(DATA EXCERPT Opens)

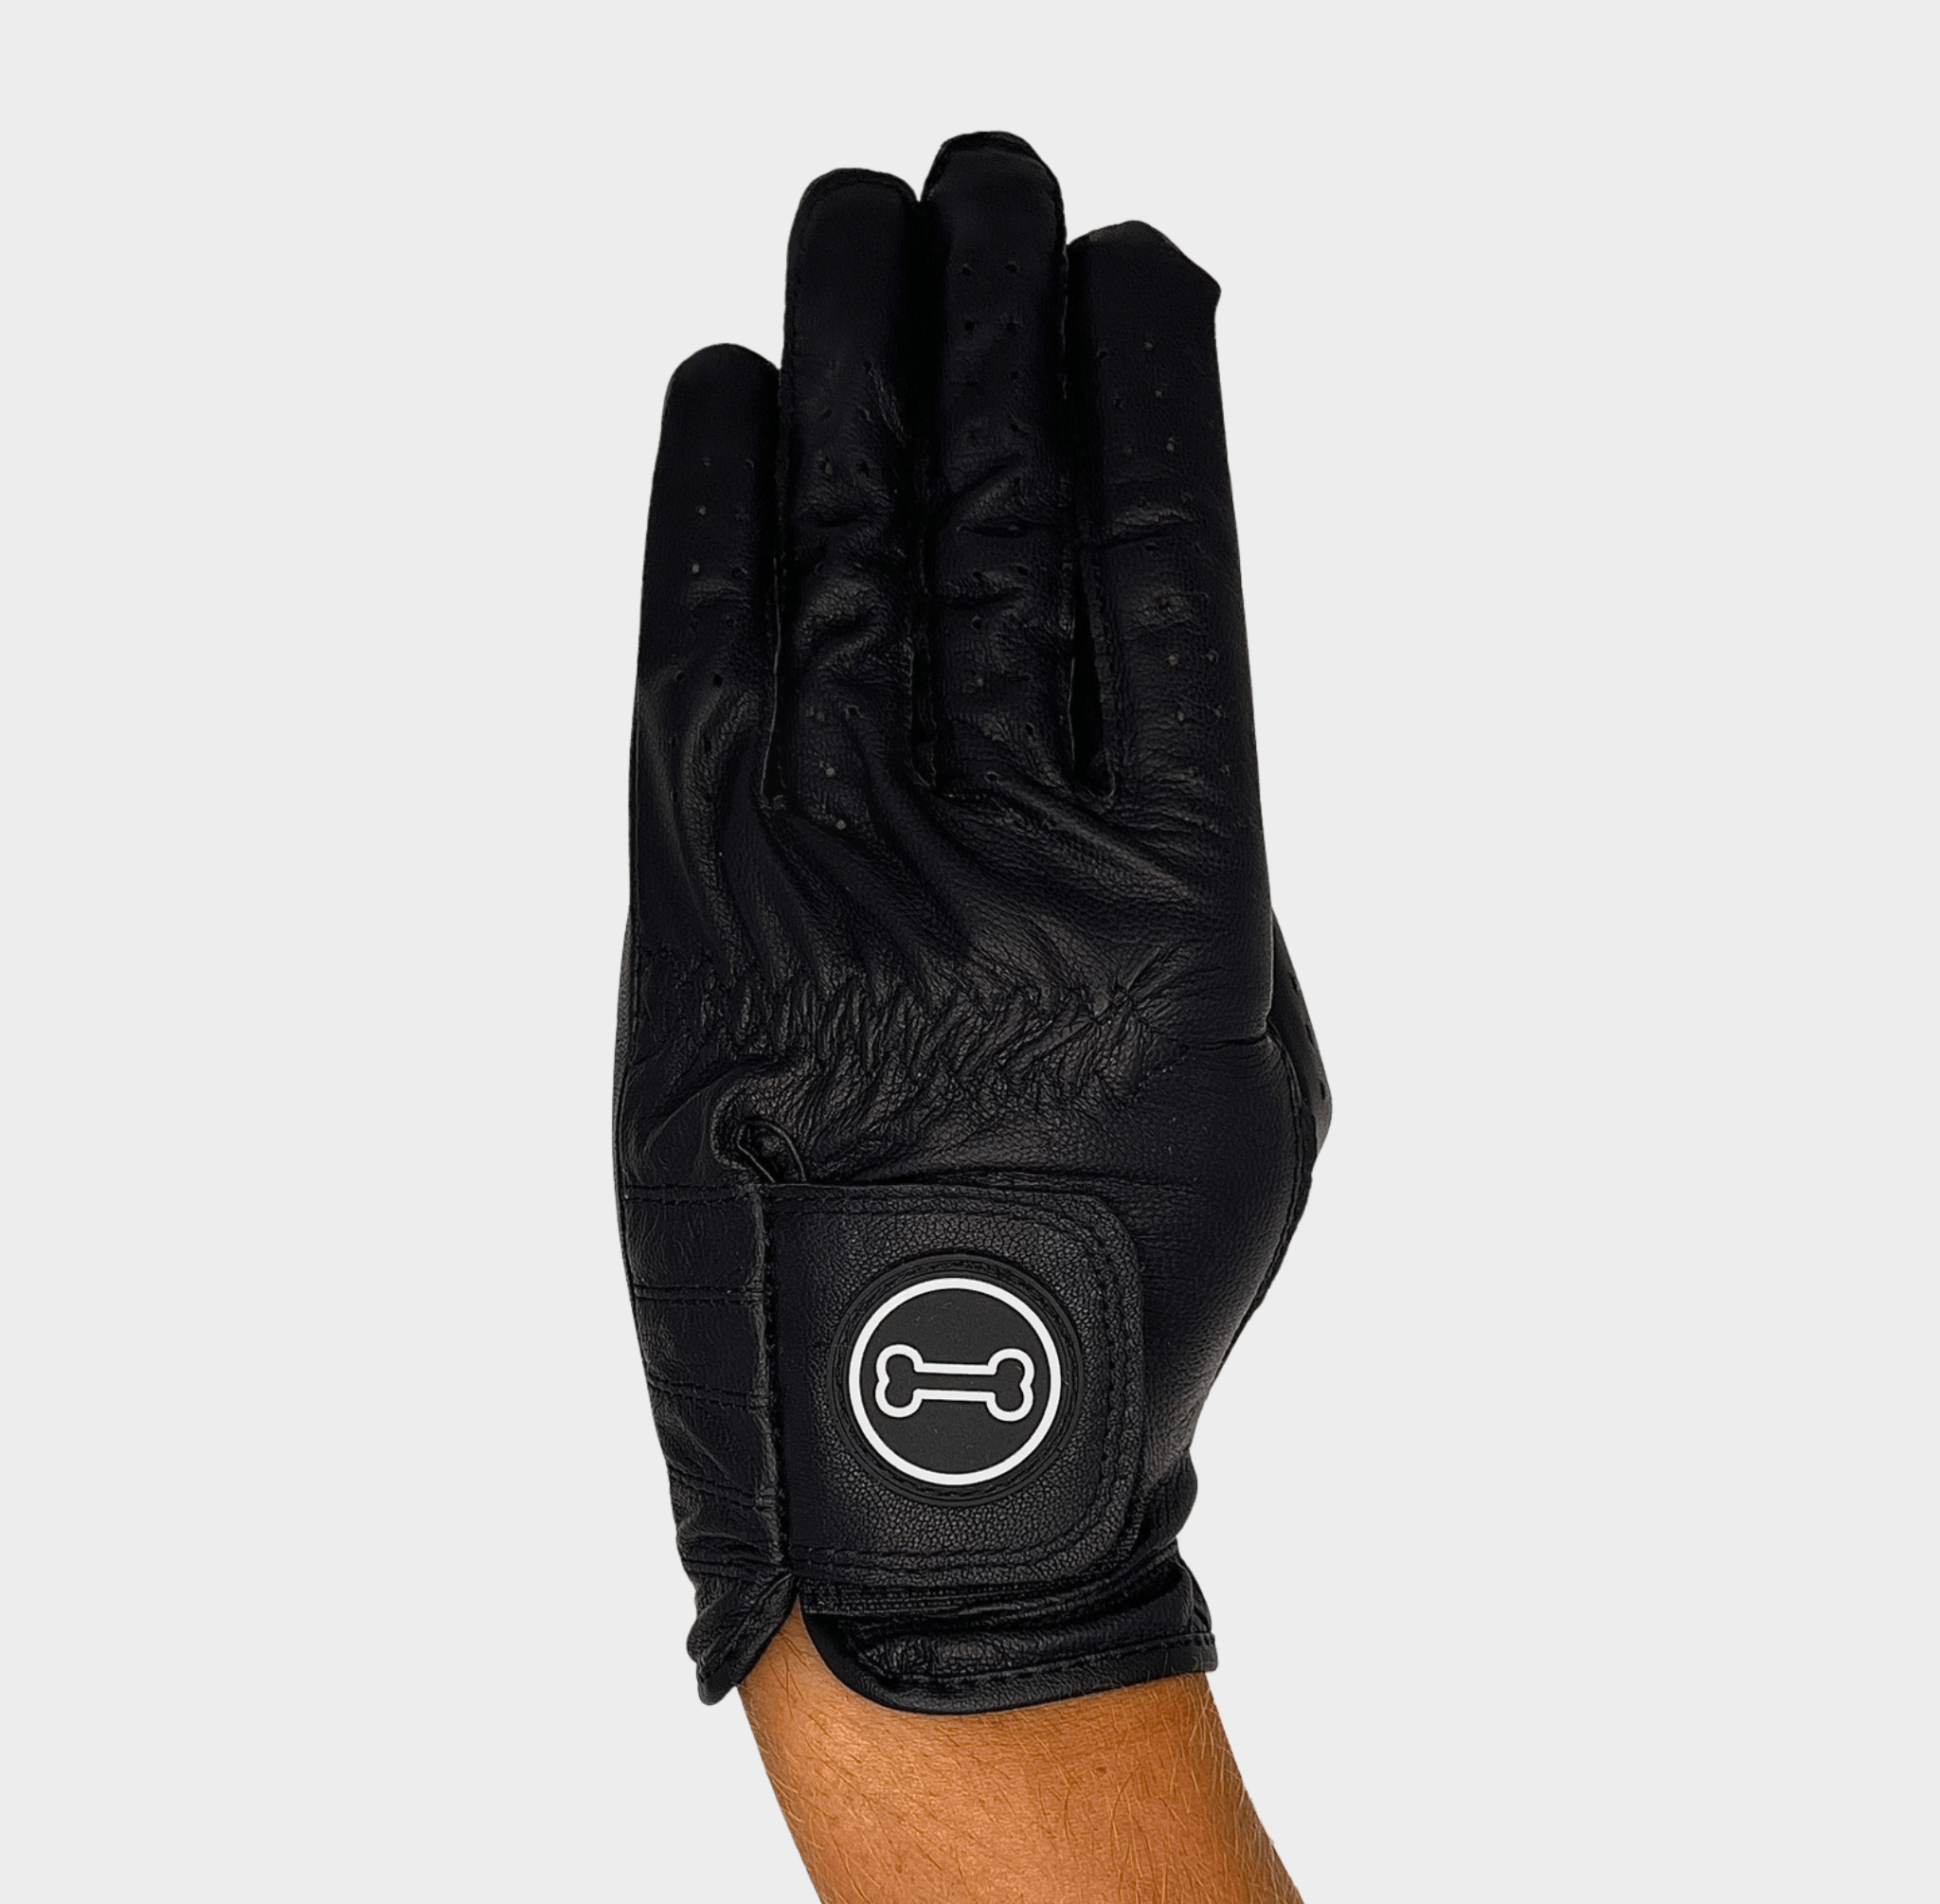 Dogleg left - Men's Black Glove
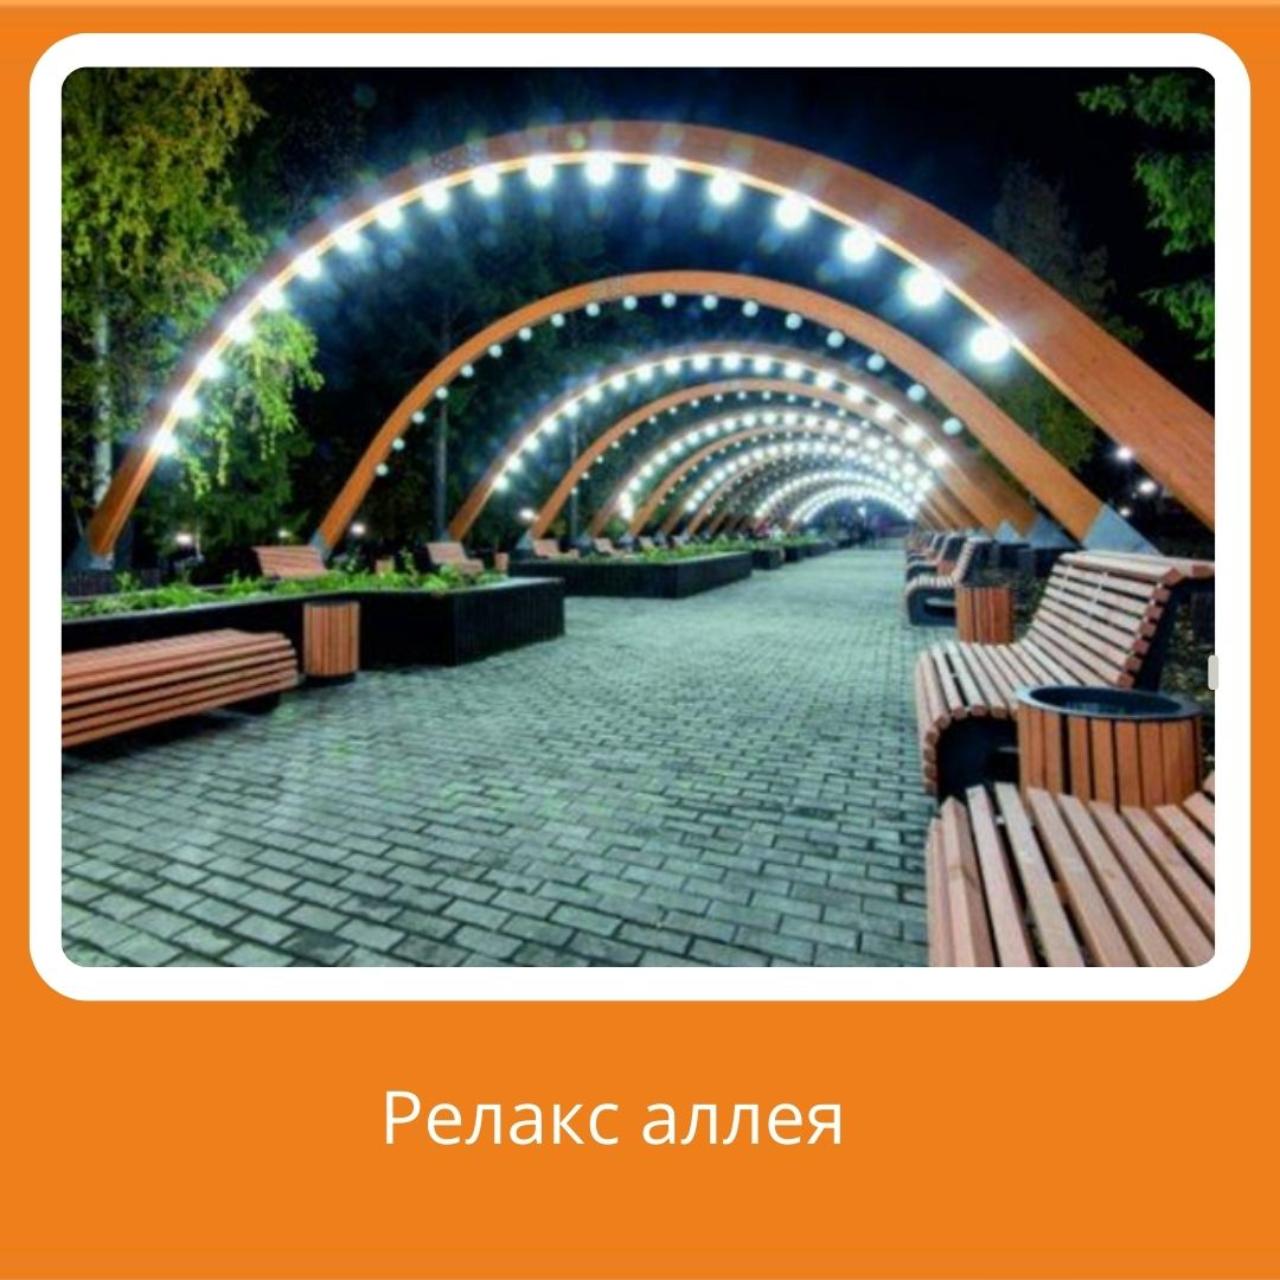 Совершенно новую зону отдыха можно открыть вдоль вновь построенных домов по улице Донентаева-Камзина. Такая зона отдыха позволит совершать вечерние прогулки в этой части города. 
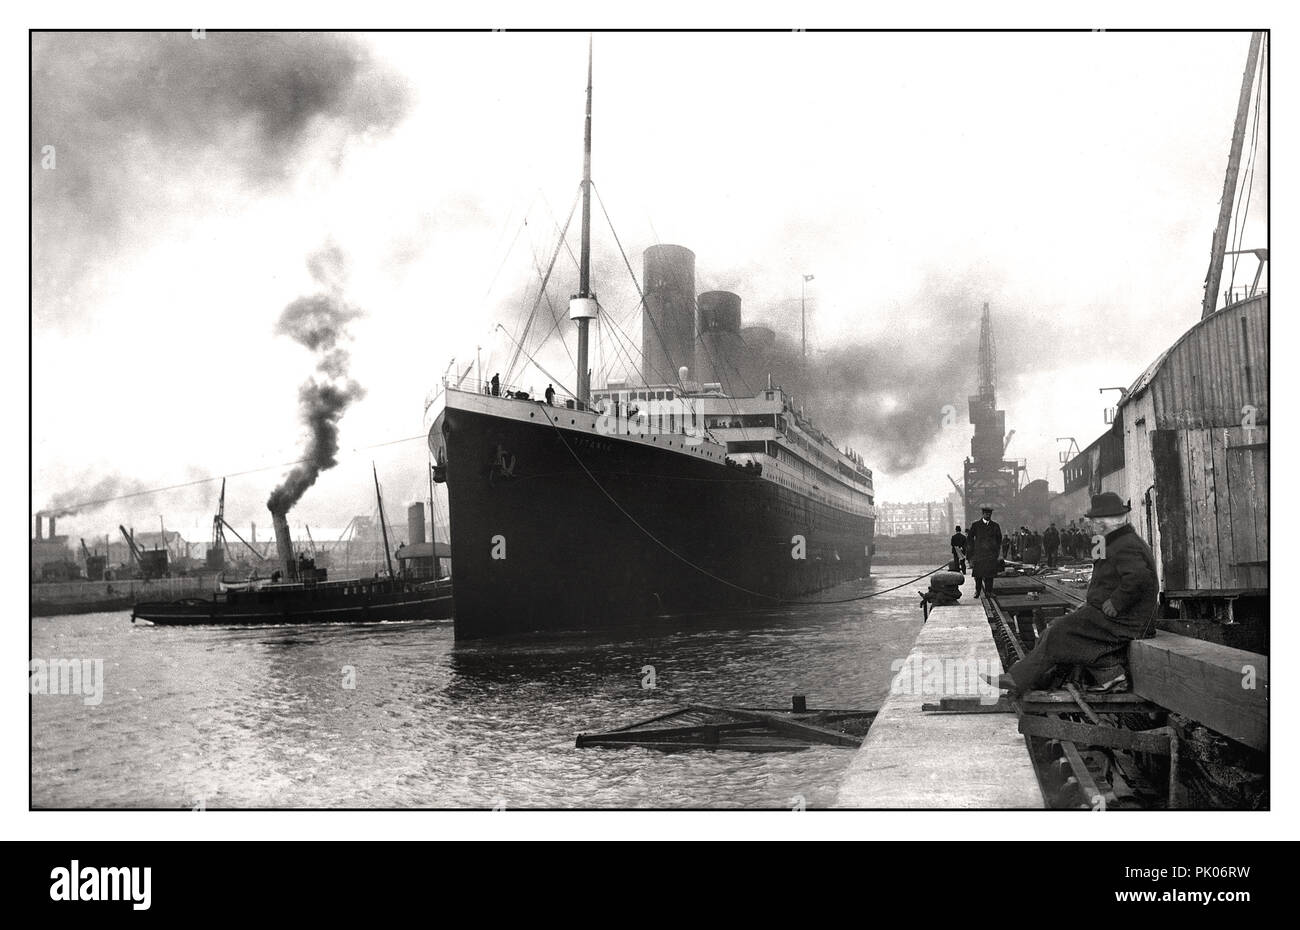 TITANIC 1912 RMS TITANIC verlässt Harland & Wolff Werften April 2. 1912 düsteres Bild der Titanic, die sich abwirft Auf ihrer schicksalhaften Jungfernfahrt Stockfoto
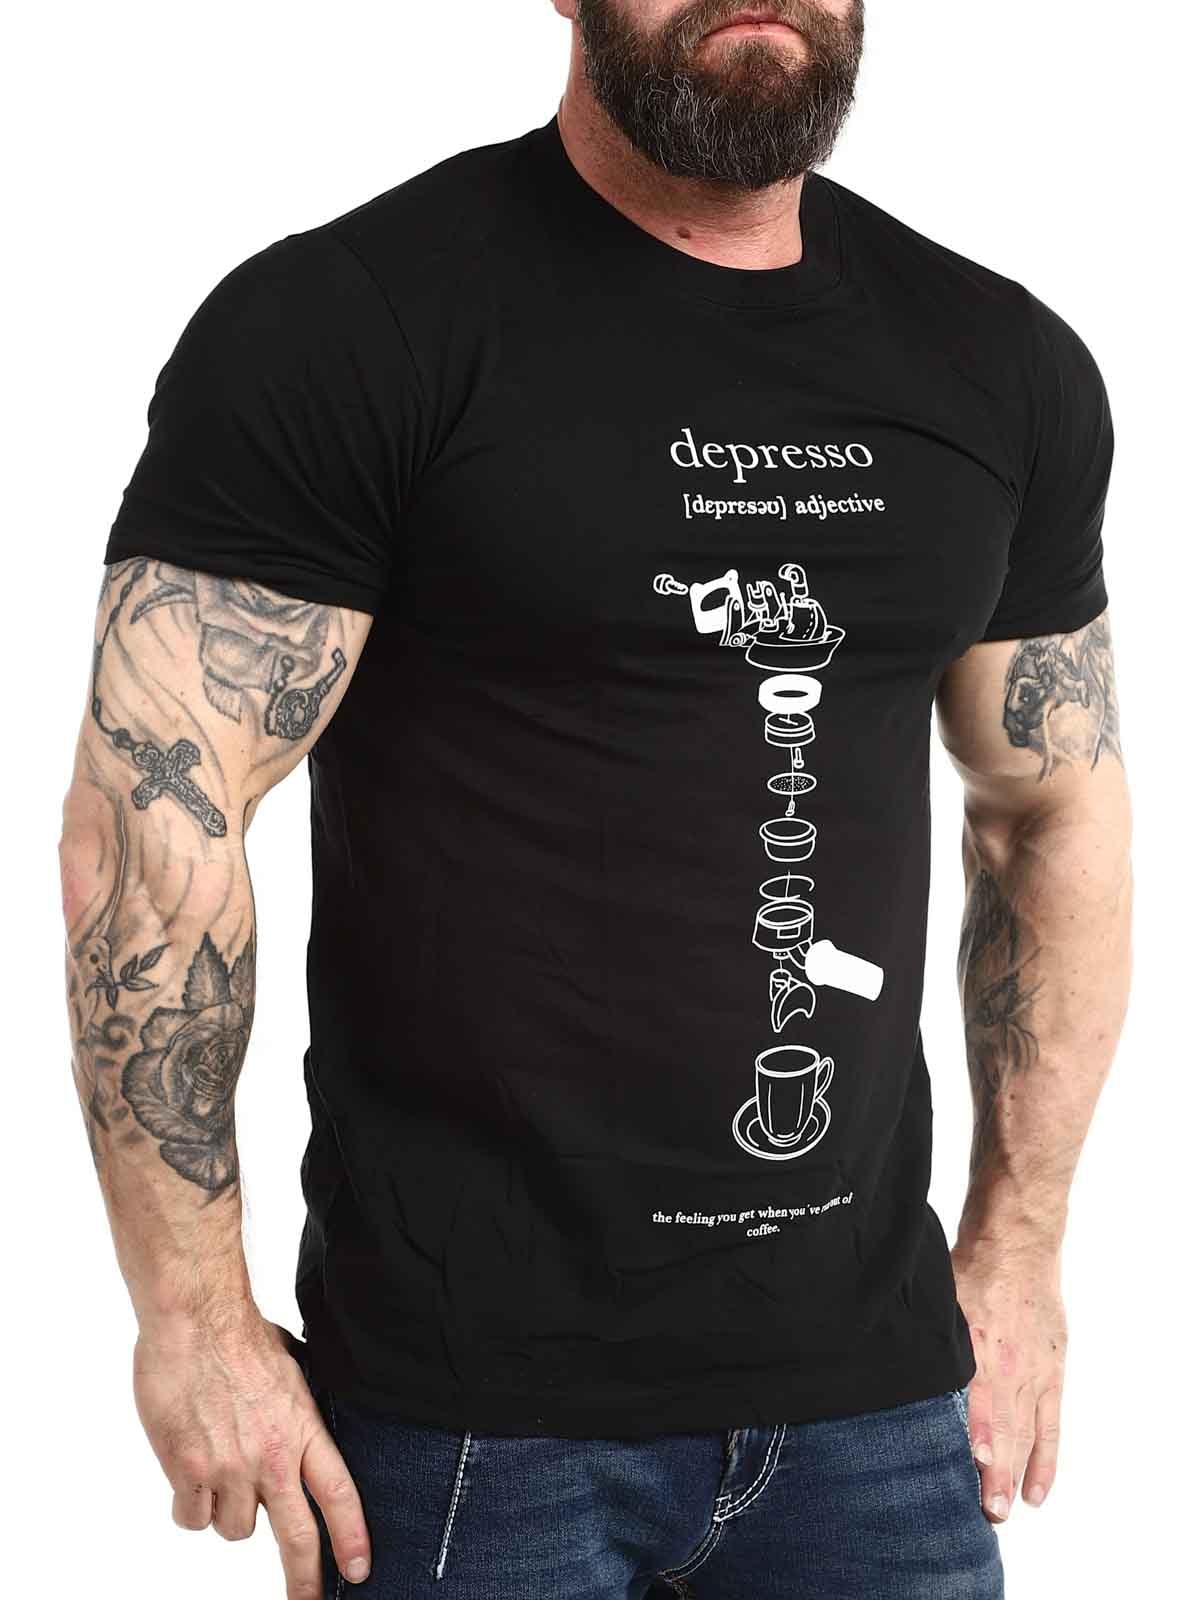 Depresso-Tshirt_2.jpg

(DATA EXCERPT Closes)

▸ TASK STATEMENT: Extract every line of the data exactly; pictures stay out.

▸ RESPONSE:
 Dogleg left - Men's Black Glove
 Совершенно новую зону отдыха можно открыть вдоль вновь построенных домов по улице Донентаева-Камзина. Такая зона отдыха позволит совершать вечерние прогулки в этой части города. 
 TITANIC 1912 RMS TITANIC verlässt Harland & Wolff Werften April 2. 1912 düsteres Bild der Titanic, die sich abwirft Auf ihrer schicksalhaften Jungfernfahrt Stockfoto
 Depresso-Tshirt_2.jpg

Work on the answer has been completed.